In the West again (1907-09)
From August 1907 to July 1909 when the Nationalist movement was ebbing and many prominent revolutionaries were being imprisoned, Nivedita along with the Bose couple, went westward. She met her family after a long time and had taken simple Indian gifts for them like reed pens, palm-leaf books, small baskets, Tulsi-and Rudraksha Malas, incense, amulets, spice-boxes etc. Her mothee at that time lived in Clapham. She continued with her journalistic activity, both in Indian as well as British press, and helped create a favourable opinion on Indian questions among sympathetic Englishmen. She delivered quite a few lectures on diverse themes in England. On the side she continued to work on writings on her Master, what she considered as the most important work of her life, which finally came out as ‘The Master as I saw Him’ in 1910. This shall be discussed in greater detail in a separate section.
During this visit she again met Josephine Macleod – their first meeting after the passing away of Swamiji – the polestar of lives of both these ladies. She also spent a few days with the Bose couple in Germany.

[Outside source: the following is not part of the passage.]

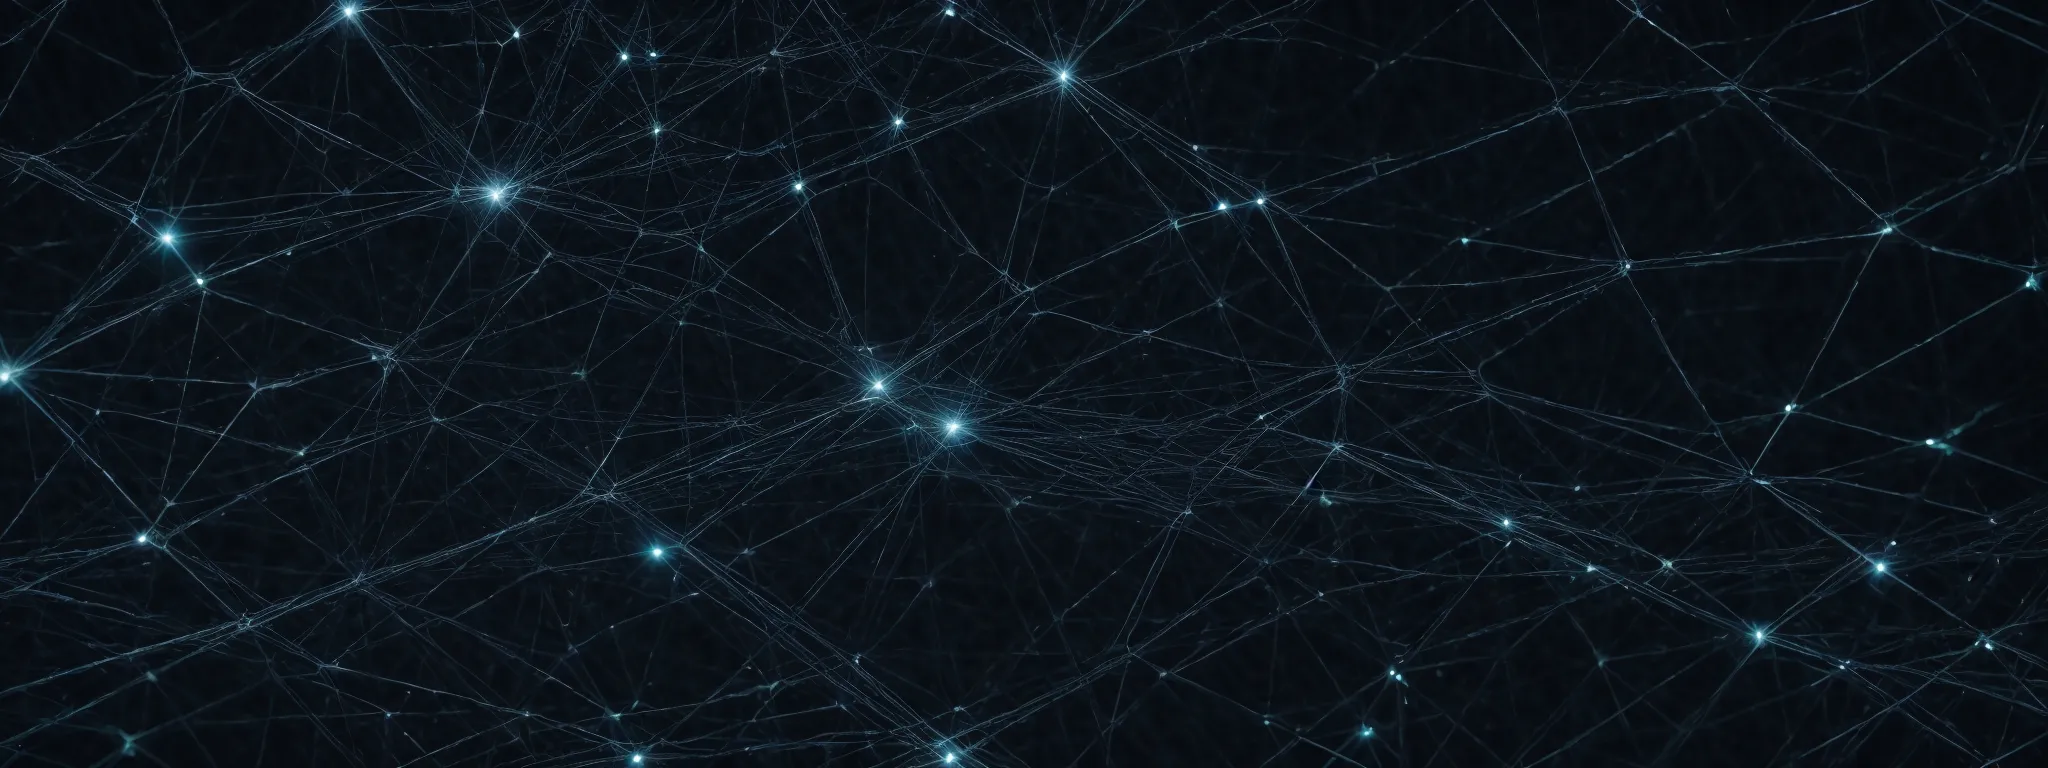 a web of interconnected nodes symbolizing a strong network created by high-quality, link-attracting content.

She stayed in Ireland for a period where she fondly remembered her childhood days. Then she visited America and lectured at several places. Along with Mrs Bull and Jagadish Bose, she also planned the course of education of Bhupendranath Datta, who, as mentioned before, had been recently sent by her to America for higher education.
She met personalities in America who were sympathetic to the Indian cause like Reverend Jabez Sunderland whose major work on the colonial exploitation of India titled ‘India in Bondage, Her Right to Freedom and a Place among Nations’ had significant impact on Indian patriots of the day. Bhupendranath too was in touch with him and was deeply influenced by his ideas.
She met for a brief time Frank J. Alexander, a journalist, who later became a major collaborator in the grand project of writing the biography of Swami Vivekananda titled ‘The Life of Swami Vivekananda: By his Eastern and Western Disciples’. Nivedita too had contributed substantially to this work. The two met at the New York Grand Central Station for about 45.minutes. Alexander later recalled this recalled this meeting as follows :
During my journalistic experience of five or six years, during which time I have interviewed all types of people from United States senators to interesting hodcarriers and from famous artists to turbulent leaders of labour, I have never met a personality which impressed me in less than am hour’s time with being possessed of such a synthetic mind and cyclonic personal energy.”
Later Alexander arrived in India in 1911 and spent two years at Advaita Ashram in Mayawati in the Kumaon hills. Two years later he moved to Almora with the aim of doing intense Tapasya. His failing health forced him to return to America in 1915 where he passed away two years later. He was a major contributor to Ramakrishna Order’s journal Prabuddha Bharata and authored a book titled ‘Thoughts on Meditation’.
While she was in America Nivedita came to know of her mother’s failing health. As result she rushed back and served her mother during her last days. Her mother passed away in January 1909. Her mother was given a cremation, not a burial, and her ashes were later buried beside the burial site of her father at the cemetery of Great Torrington in Devonshire.